Pooky Control-Flow Flattening - Part 3
For Part 3 of this series, I'm going to pick up from where I left off. This means I will be going into detail over what the State, Ending State, Starting State, and Transitions are.
Note: Read Part 1 and Part 2 to get solid foundation that will help you understand Part 3 better.
However, this post is very important in itself as it will go over some concepts that will be fully explained in the later posts of this series.
Some of these concepts will take a whole post to completely describe how they play an integral part in simplifying Switch Cases to a more readable form.
A Deep Dive into States
As I mentioned in Part 1 a huge part of understanding what these Switch Cases ultimately represent is based on the fact that they are DAGs(Directed Acyclic Graph).
The nodes are represented as States and the edges as Transitions. There must be at least 1 Starting State and 1 Ending State, and you can never loop back to the Starting State from the Ending State.

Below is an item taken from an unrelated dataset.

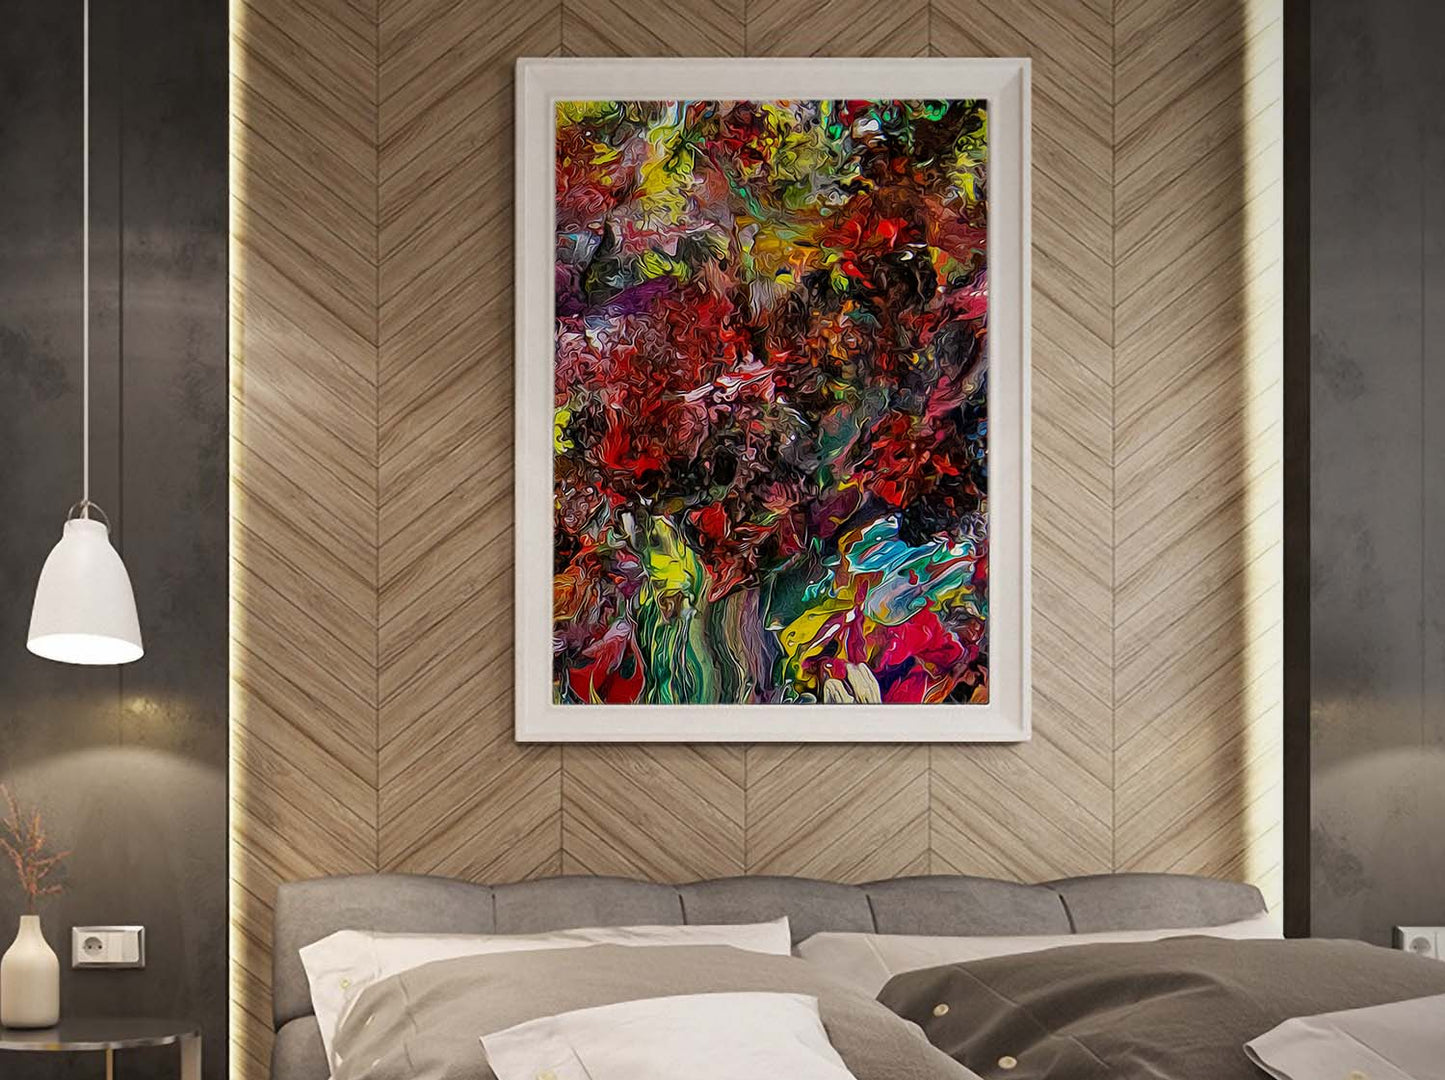 Vid-19 Potpourri framed art print own a wood paneled wall in a bedroom

Each of these States has a 1 or 2 transition(s) unless of course, they are an Ending State which they have 0 Transitions.
Going Back To Part 1
Let's look back at our SwitchStatement example from Part 1 to better illustrate the idea behind States and Transitions.
function notimportant(){
var e6Jk = 2;
for (; e6Jk !== 17;) {
switch (e6Jk) {
case 2:
var G3Jk = n3Jk[146];
var Z3Jk = 0;
var Q3Jk = [];
e6Jk = 4;
break;
case 8:
e6Jk = K3Jk >= 0 ? 7 : 18;
break;
case 9:
var K3Jk = z3Jk[n3Jk[149]] - 1,
V3Jk = 0;
e6Jk = 8;
break;
case 4:
Q3Jk[Z3Jk] = g3Jk[n3Jk[147]]();
var f3Jk = Q3Jk[Z3Jk][n3Jk[148]];
e6Jk = 9;
break;
case 19:
--K3Jk, ++V3Jk;
e6Jk = 8;
break;
case 6:
V3Jk = 0;
e6Jk = 14;
break;
case 11:
Q3Jk[Z3Jk] = V8Jk(Q3Jk[Z3Jk - 1], Q3Jk[Z3Jk - 1])[n3Jk[151]]();
e6Jk = 10;
break;
case 12:
e6Jk = Q3Jk[n3Jk[150]] < F3Jk ? 11 : 10;
break;
case 18:
return G3Jk;
break;
case 14:
e6Jk = ++Z3Jk === F3Jk ? 13 : 12;
break;
case 10:
f3Jk = Q3Jk[Z3Jk][n3Jk[152]];
e6Jk = 20;
break;
case 20:
G3Jk = j8Jk[n3Jk[153]][n3Jk[154]](z3Jk[n3Jk[155]](K3Jk) ^ Q3Jk[Z3Jk][n3Jk[156]](V3Jk)) + G3Jk;
e6Jk = 19;
break;
case 7:
e6Jk = V3Jk === f3Jk ? 6 : 20;
break;
case 13:
Z3Jk = 0;
e6Jk = 12;
break;
}
}
}
Nothing But Headaches
At first glance, it's really hard to follow what's going on, it will require a lot of mental work just to keep track of what code gets executed.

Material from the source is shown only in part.